While car subscription programs haven’t reached the same level of consumer buy-in as a monthly movie or cloud storage subscription, they are starting to gain popularity. Porsche has one. General Motors and Ford, as well. Mercedes-Benz’ and BMW’s programs lets members swap one vehicle for another through a mobile app.

The learning curve

Like any new consumer offer, there’s a learning curve as to what the consumer will latch on to. As the automakers try their subscription models out on the public, they’re finding that what may work for one brand doesn’t necessarily guarantee success for another.

Case-in-point: Lincoln.

The 101-year-old carmaker has decided to go back to the drawing table with its “Canvas” subscription pilot according to Automotive News.

"I've been surprised how few people are genuinely interested in that type of ownership," Robert Parker, Lincoln's director of sales and marketing, told Automotive News.

Lincoln’s far from throwing in the towel, but there’s lots of work to do. One competitive difference Lincoln is trying to craft is beating the others in price. BMW’s program starts at $1,099 per month, and Cadillac’s at $1,500 a month.

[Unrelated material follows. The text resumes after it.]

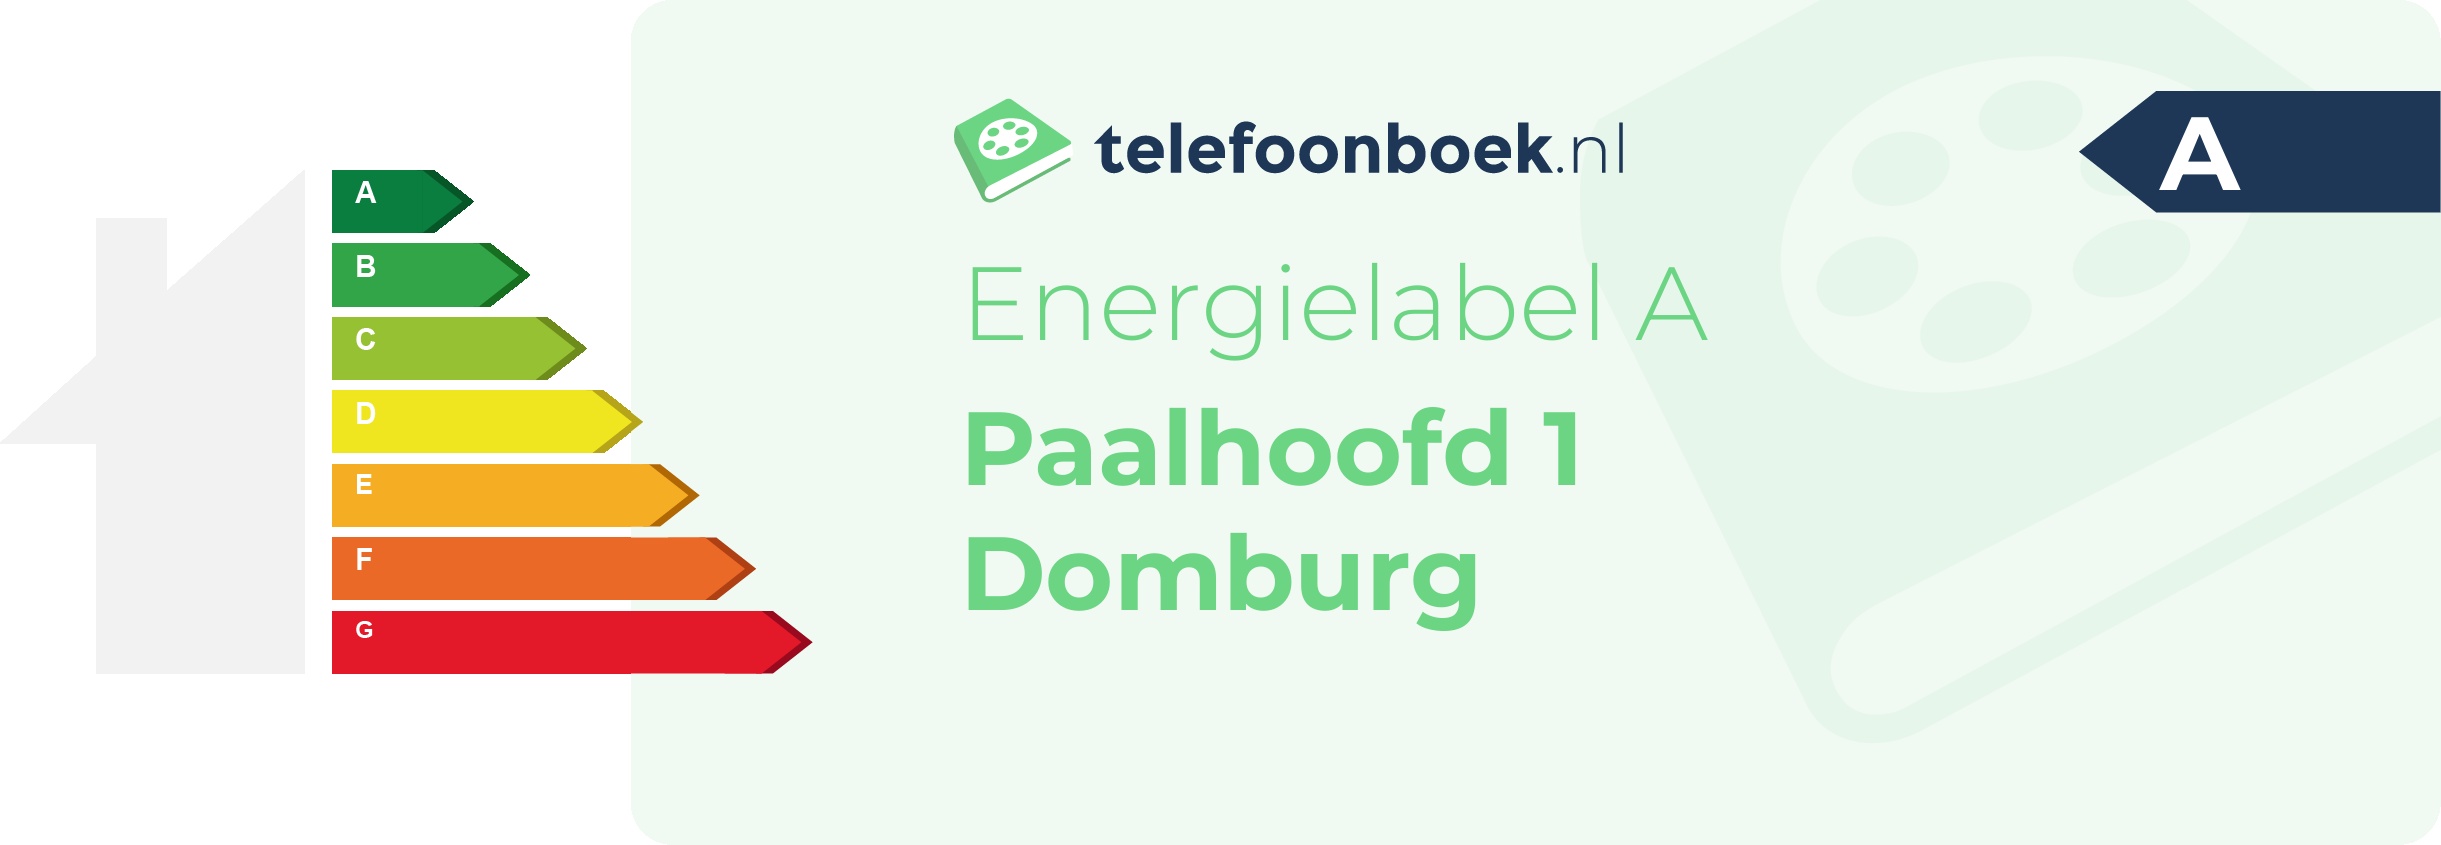 Energielabel Paalhoofd 1 Domburg

To outduel the others at the price game, Lincoln’s Canvas program opted to offer off-lease vehicles instead of new ones, which brings down the monthly price from $329 for a sedan to $509 for a luxury car.

But as anyone who’s ever bought a car knows, there are always extra charges beyond the advertised price. In Lincoln’s situation, the kicker seems to be the added monthly subscription charge.

People who subscribe for a year or longer pay as little as $25 extra per month, but Parker said that most Lincoln subscribers were only looking for short-term subscriptions, like when they’re shopping for a new car. At that level, there’s as much as an extra $375 for a single month which jacks up the total cost to nearly $900, a lot to swallow for almost anyone.

Where the auto subscription model winds up is anyone’s guess. According to a recent study by Autolist, the biggest appeal of a subscription service is the ability to switch between different types of vehicles easily, followed closely by the absence of a long-term commitment that’s usually required in a traditional car lease or loan.